The following documents that the registrant has filed with the Securities and Exchange Commission (the "Commission") pursuant to the Act, as amended (the "Exchange Act"), are hereby incorporated by reference in this registration statement:
All documents that the registrant subsequently files pursuant to Sections 13(a), 13(c), 14 and 15(d) of the Exchange Act after the date of this registration statement and prior to the filing of a post-effective amendment to this registration statement indicating that all securities offered have been sold or which deregisters all securities then remaining unsold, shall be deemed to be incorporated by reference into this registration statement and to be a part hereof from the date of filing of such documents. Any statement contained in a document incorporated or deemed to be incorporated by reference herein shall be deemed to be modified or superseded for purposes of this registration statement to the extent that a statement contained herein or in any other subsequently filed document which also is or is deemed to be incorporated by reference herein modifies or supersedes such statement. Any such statement so modified or superseded shall not be deemed, except as so modified or superseded, to constitute a part of this Registration Statement.
Item 4. Description of Securities.
Not applicable.
Item 5. Interests of Named Experts and Counsel.
Not applicable.
Item 6. Indemnification of Directors and Officers.

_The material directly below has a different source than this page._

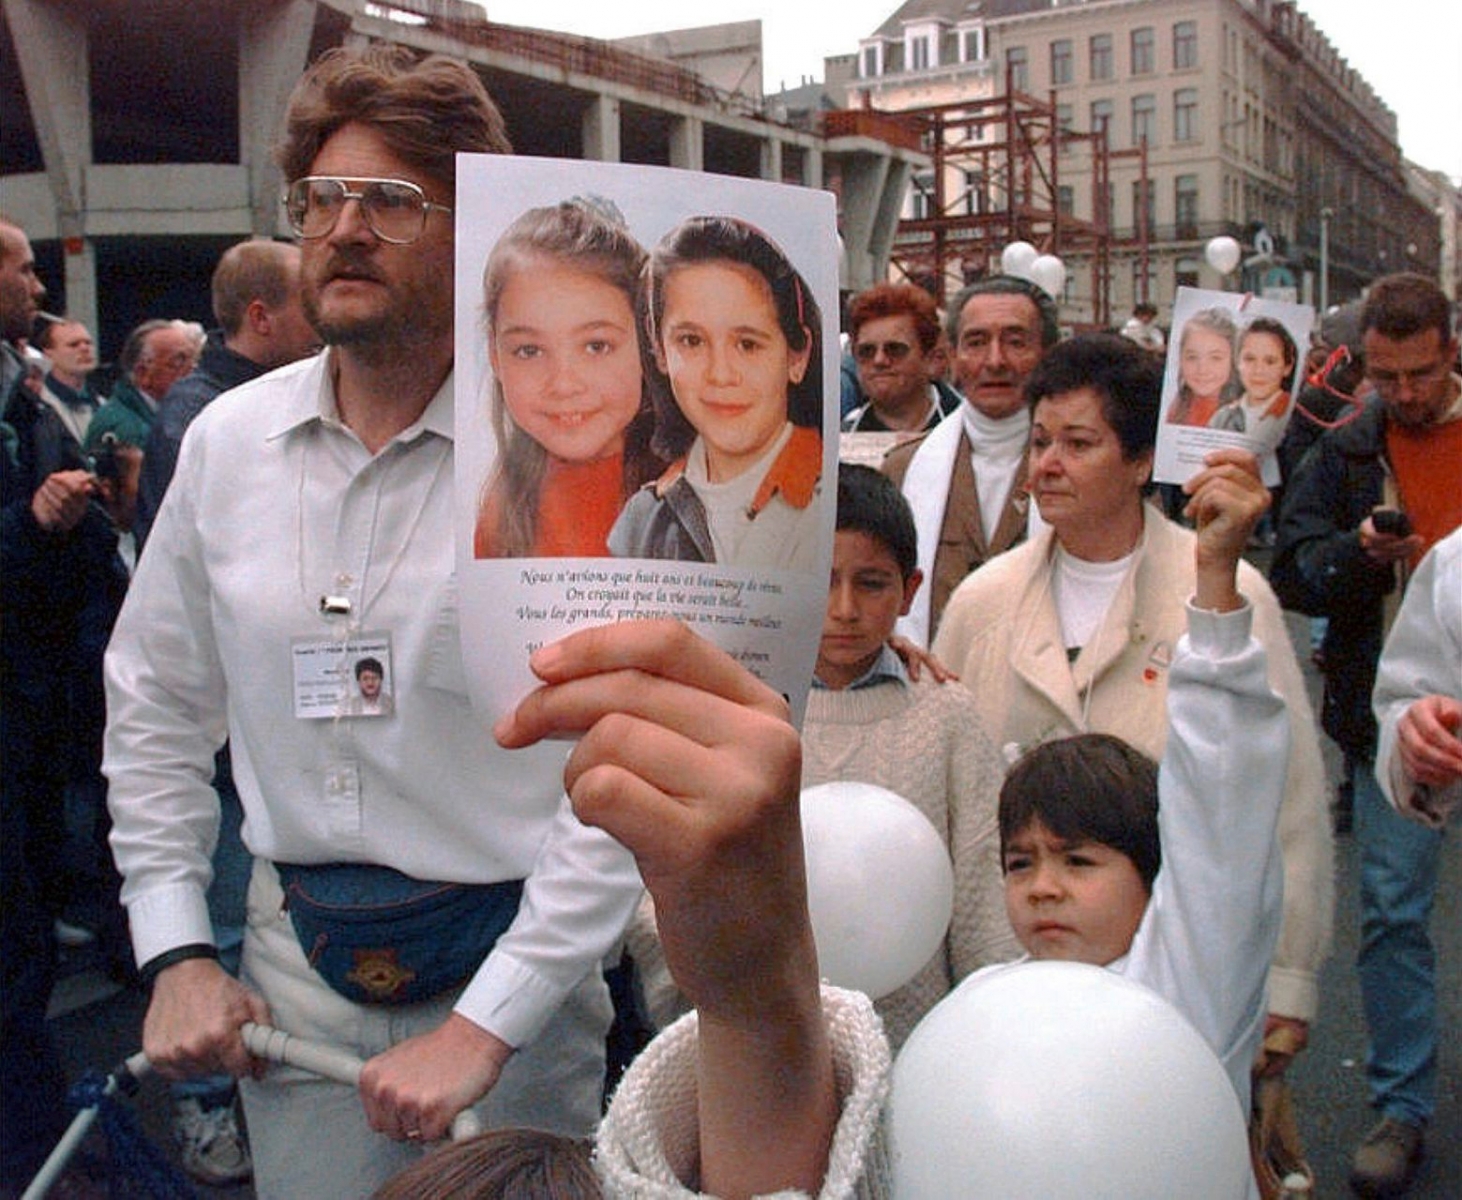 Bilder von Julie und Melissa, zwei der Opfer des belgischen Kinderschaenders Marc Dutroux, werden am 20. Oktober 1996 bei einer Grossdemonstration in Bruessel gezeigt. (KEYSTONE/EPA/BELGA/Morin) BELGIEN AFFAERE DUTROUX WEISSER MARSCH

Bristol West Holdings, Inc. (the "Registrant") is a Delaware corporation. Section 145 of the Delaware General Corporation Law (the "DGCL") grants each corporation organized thereunder the power to indemnify any person who is or was a director, officer, employee or agent of a corporation or enterprise, against expenses, including attorneys' fees, judgments, fines and amounts paid in settlement actually and reasonably incurred by him in connection with any threatened, pending or completed action, suit or proceeding, whether civil, criminal, administrative or investigative, other than an action by or in the right of the corporation, by reason of being or having been in any such capacity, if he acted in good faith in a manner reasonably believed to be in or not opposed to the best interests of the corporation, and, with respect to any criminal action or proceeding, had no reasonable cause to believe his conduct was unlawful.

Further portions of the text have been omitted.